S2-mlp V1&V2: Spatial-shift MLP Architecture for Vision

The original document: www.yuque.com/lart/papers…

Two articles on S2-MLP will be summarized here. The core idea of these two papers is the same, namely, replacing spatial MLP based on spatial offset operation.

Understand the text from the abstract

V1

Recently, visual Transformer (ViT) and its following works abandon the convolution and exploit the self-attention operation, attaining a comparable or even higher accuracy than CNNs. More recently, MLP-Mixer abandons both the convolution and the self-attention operation, proposing an architecture containing only MLP layers. To achieve cross-patch communications, it devises an additional token-mixing MLP besides the channel-mixing MLP. It achieves promising results when training on an extremely large-scale dataset. But it cannot achieve as outstanding performance as its CNN and ViT counterparts when training on medium-scale datasets such as ImageNet1K and ImageNet21K. The performance drop of MLP-Mixer motivates us to rethink the token-mixing MLP.

This leads to the main content of this article, the improvement space MLP.

We discover that the token-mixing MLP is a variant of the depthwise convolution with a global reception field and spatial-specific configuration. But the global reception field and the spatial-specific property make token-mixing MLP prone to over-fitting.

The problem of spatial MLP is pointed out, because of its global receptive field and spatial specific properties, the model is easy to overfit.

In this paper, we propose a novel pure MLP architecture, spatial-shift MLP (S2-MLP). Different from MLP-Mixer, our S2-MLP only contains channel-mixing MLP.

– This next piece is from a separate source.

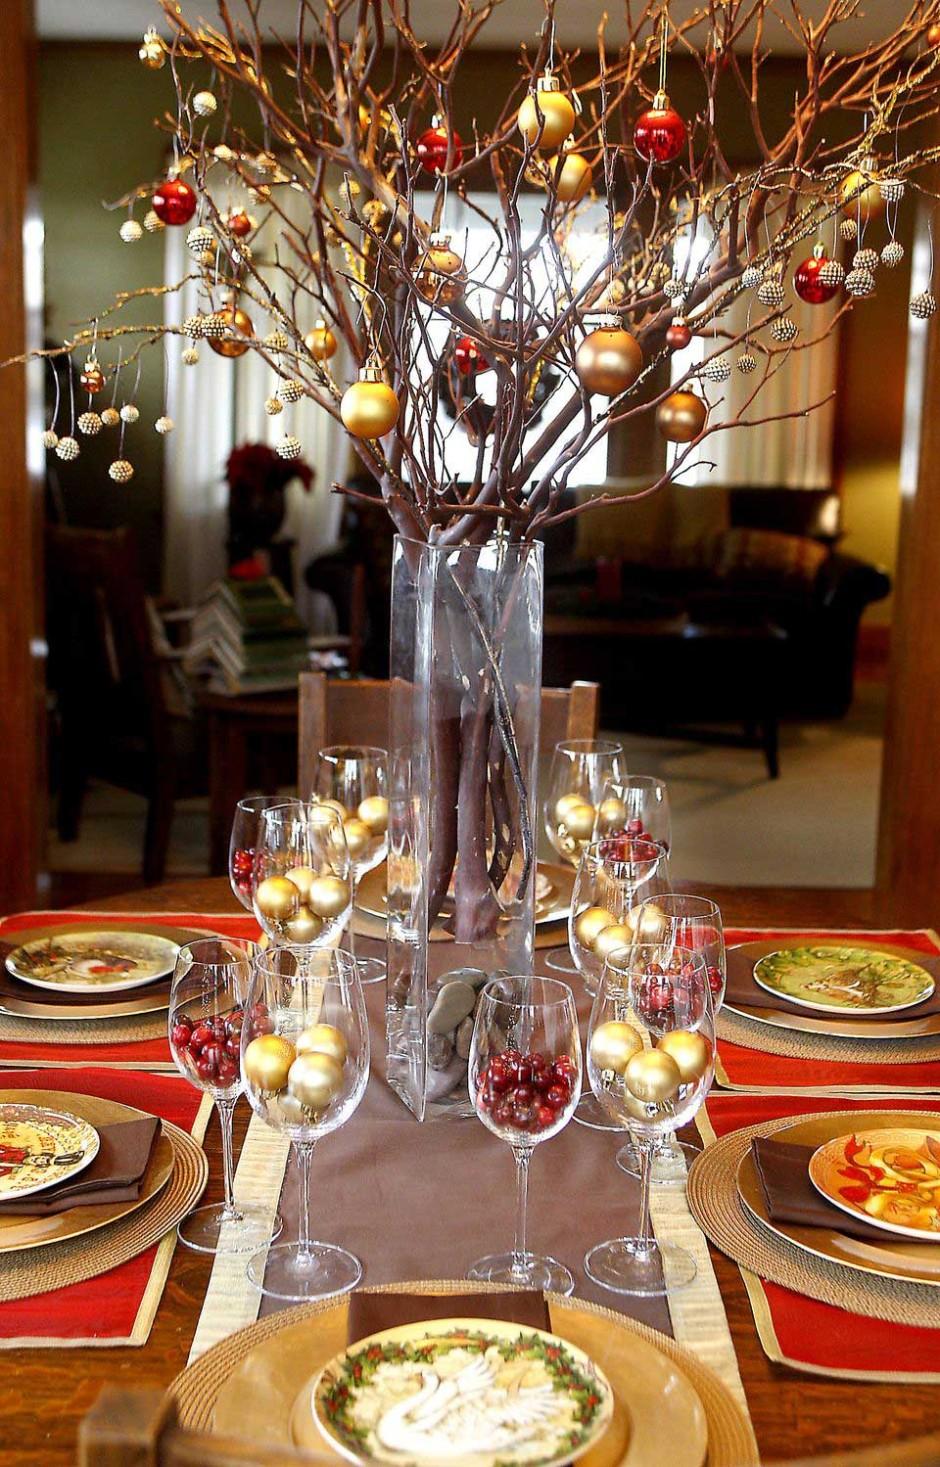 Luxury Christmas Party Centerpiece Idea with Gold Christmas Balls dwellingdecor

Only channel MLP is mentioned here, indicating that a new method has been found to expand the receptive field of channel MLP and to preserve point operation.

We utilize a spatial-shift operation for communications between patches. It has a local reception field and is spatial-agnostic. It is parameter-free and efficient for computation.

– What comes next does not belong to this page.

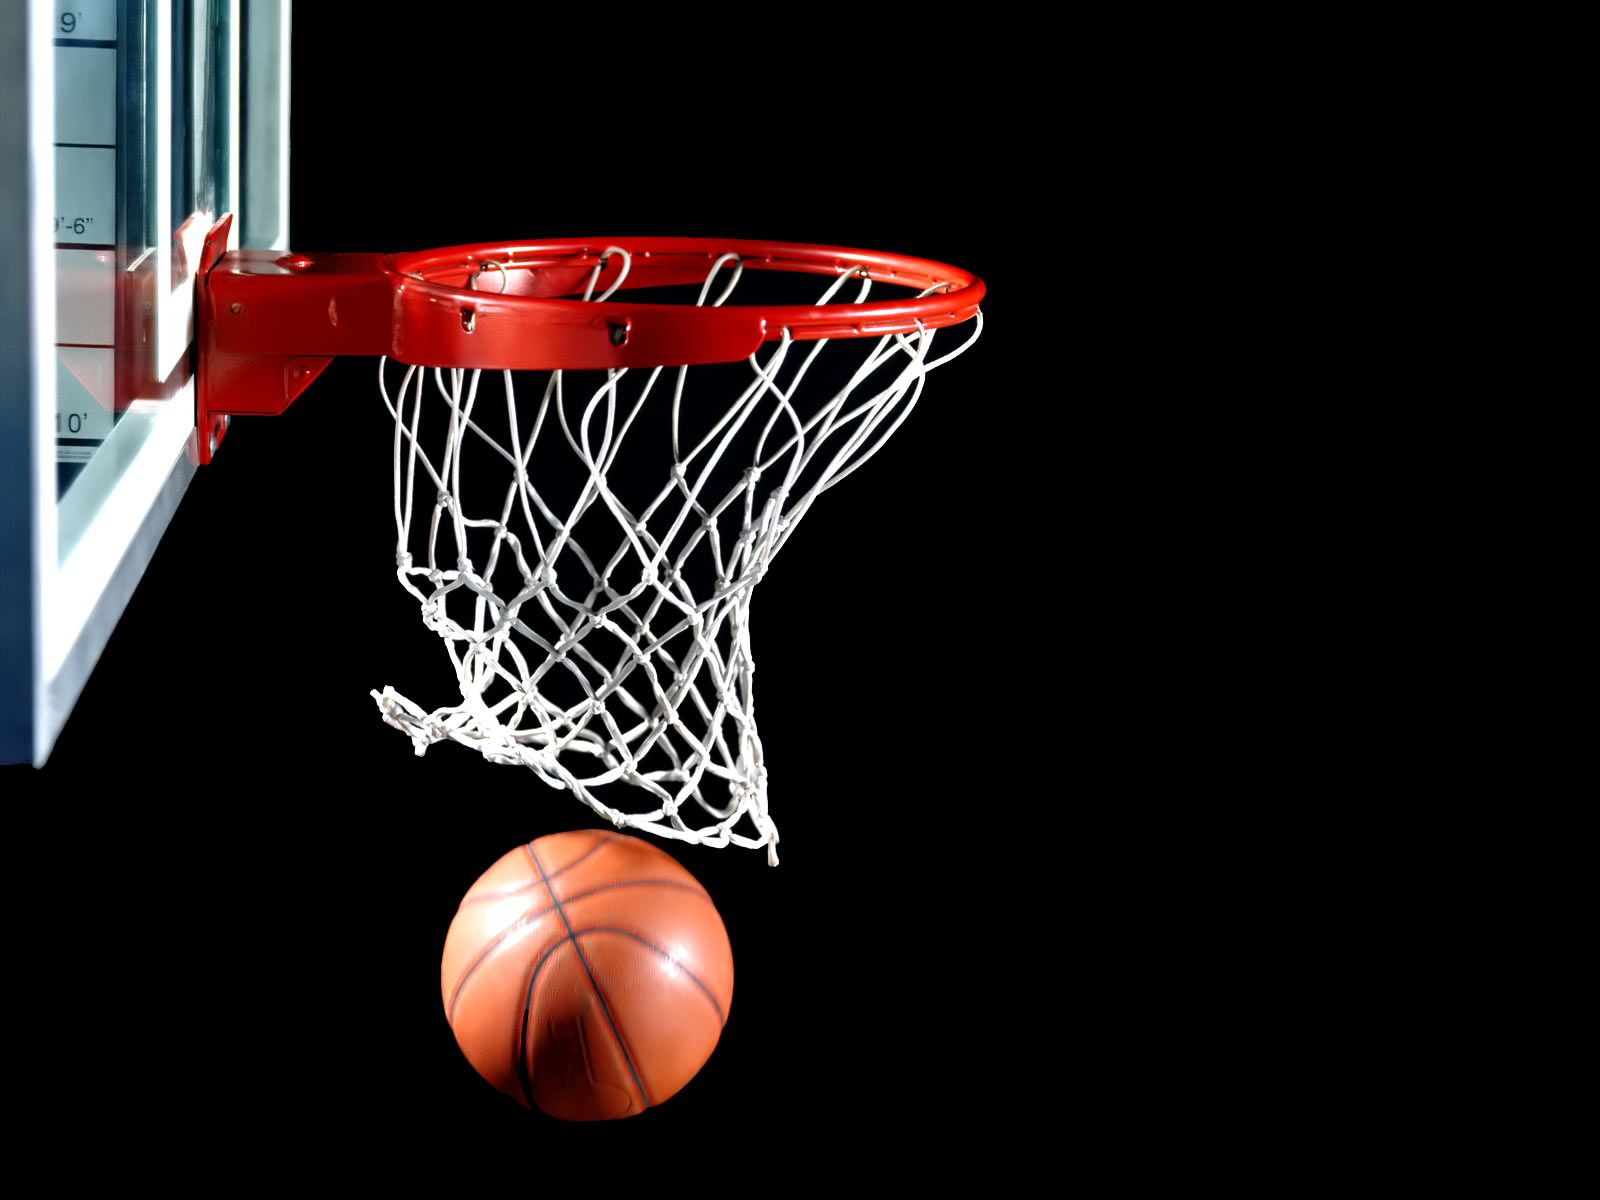 Basketball Hoop Wallpaper Cool Basketball Wallpapers Basketball Hoop Basketball Wallpaper

This leads to the core of this article, which is the space offset operation mentioned in the title. It appears that this operation takes no parameters and is just a process used to adjust characteristics. Spatial – Shift operation can refer to a few articles here: www.yuque.com/lart/archit…

The proposed S2-MLP attains higher recognition accuracy than MLP-Mixer when training on ImageNet-1K dataset. Meanwhile, S2-MLP accomplishes as excellent performance as ViT on ImageNet-1K dataset with considerably simpler architecture and fewer FLOPs and parameters.

V2

Recently, MLP-based vision backbones emerge. MLP-based vision architectures with less inductive bias achieve competitive performance in image recognition compared with CNNs and vision Transformers. Among them, spatial-shift MLP (S2-MLP), adopting the straightforward spatial-shift operation, achieves better performance than the pioneering works including MLP-mixer and ResMLP. More recently, using smaller patches with a pyramid structure, Vision Permutator (ViP) and Global Filter Network (GFNet) achieve better performance than S2-MLP.

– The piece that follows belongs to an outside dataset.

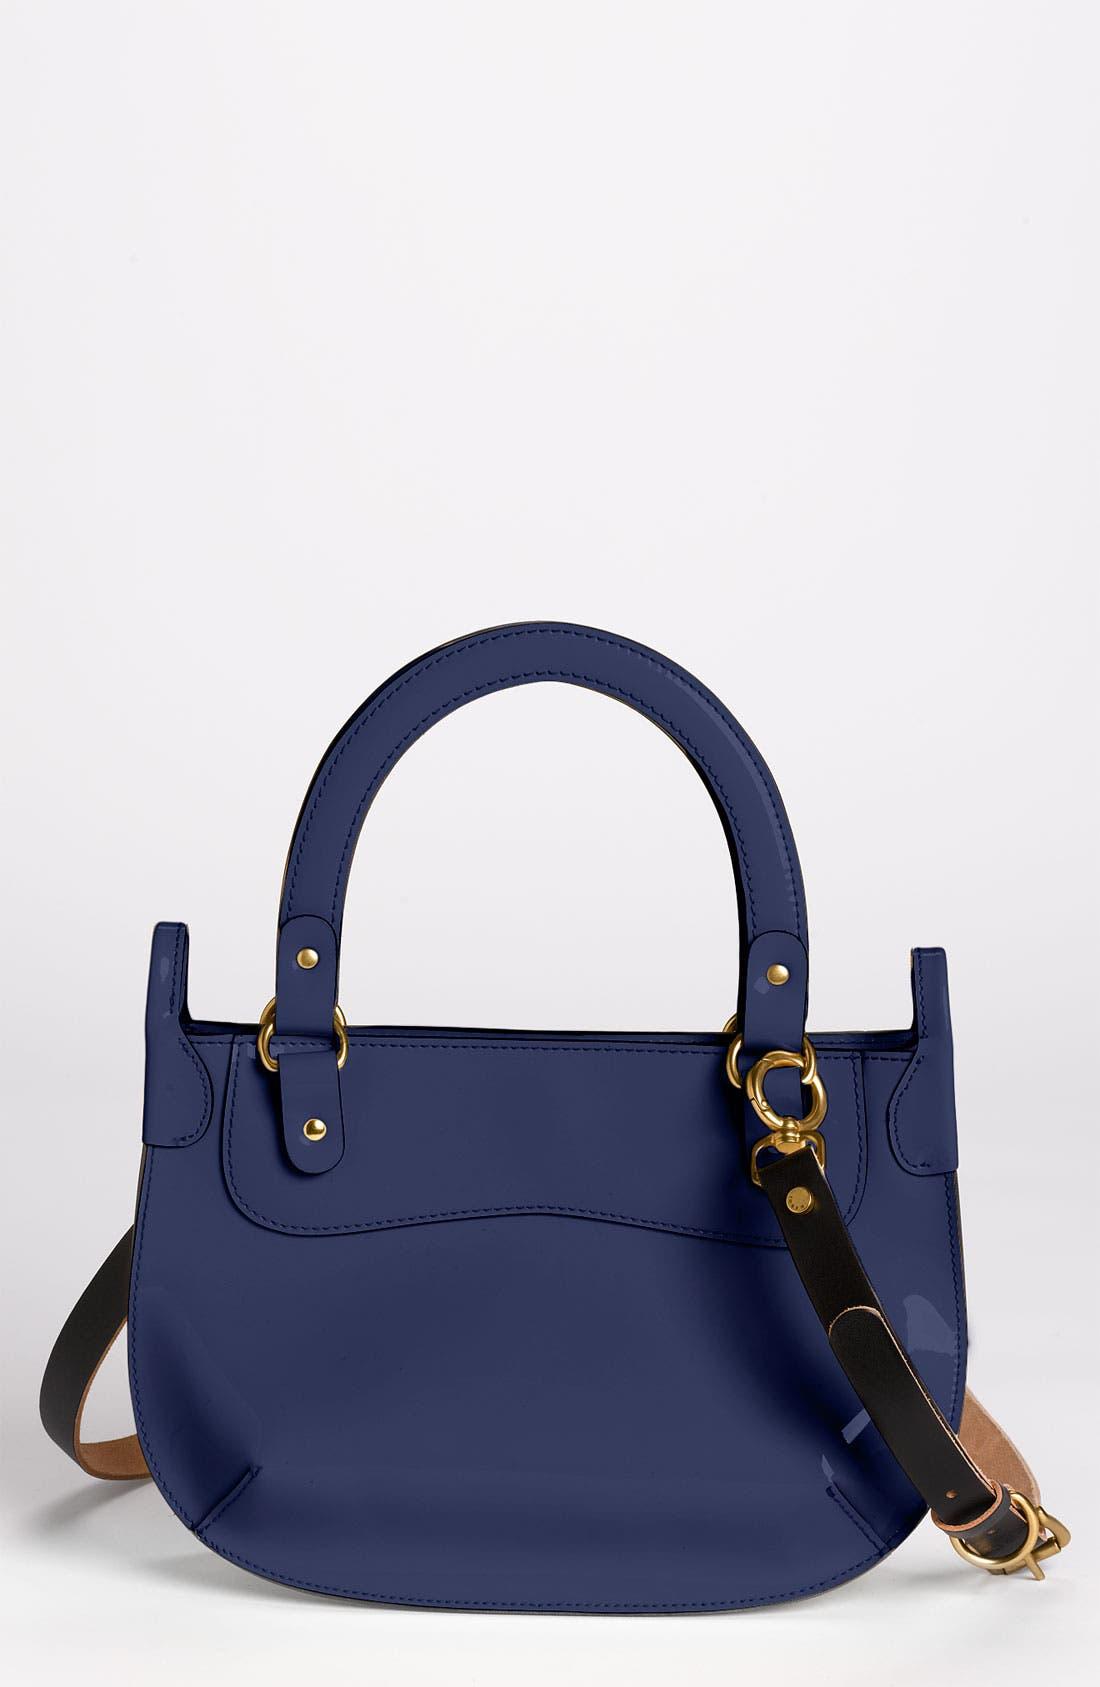 Main Image - Marni 'Small' Patent Leather Crossbody Bag

This leads to the pyramid structure, and it looks like the V2 version will use a similar structure.

In this paper, we improve the S2-MLP vision backbone. We expand the feature map along the channel dimension and split the expanded feature map into several parts. We conduct different spatial-shift operations on split parts.

The space offset policy is still used, but how is it compared to V1

Meanwhile, we exploit the split-attention operation to fuse these split parts.

Split-attention (ResNeSt) was also introduced to fuse groupings. Are we going to use parallel branches here?

Moreover, like the counterparts, we adopt smaller-scale patches and use a pyramid structure for boosting the image recognition accuracy. We term the improved spatial-shift MLP vision backbone as S2-MLPv2. Using 55M parameters, our medium-scale model, One poster that achieves 83.6% top-1 accuracy on the imagenet-1K benchmark using 224×224 images without being exhibited in s2-MLPV2-medium achieves 83.6% top-1 accuracy on the imagenet-1K benchmark using 224×224 images without being exhibited in s2-MLPV2-medium self-attention and external training data.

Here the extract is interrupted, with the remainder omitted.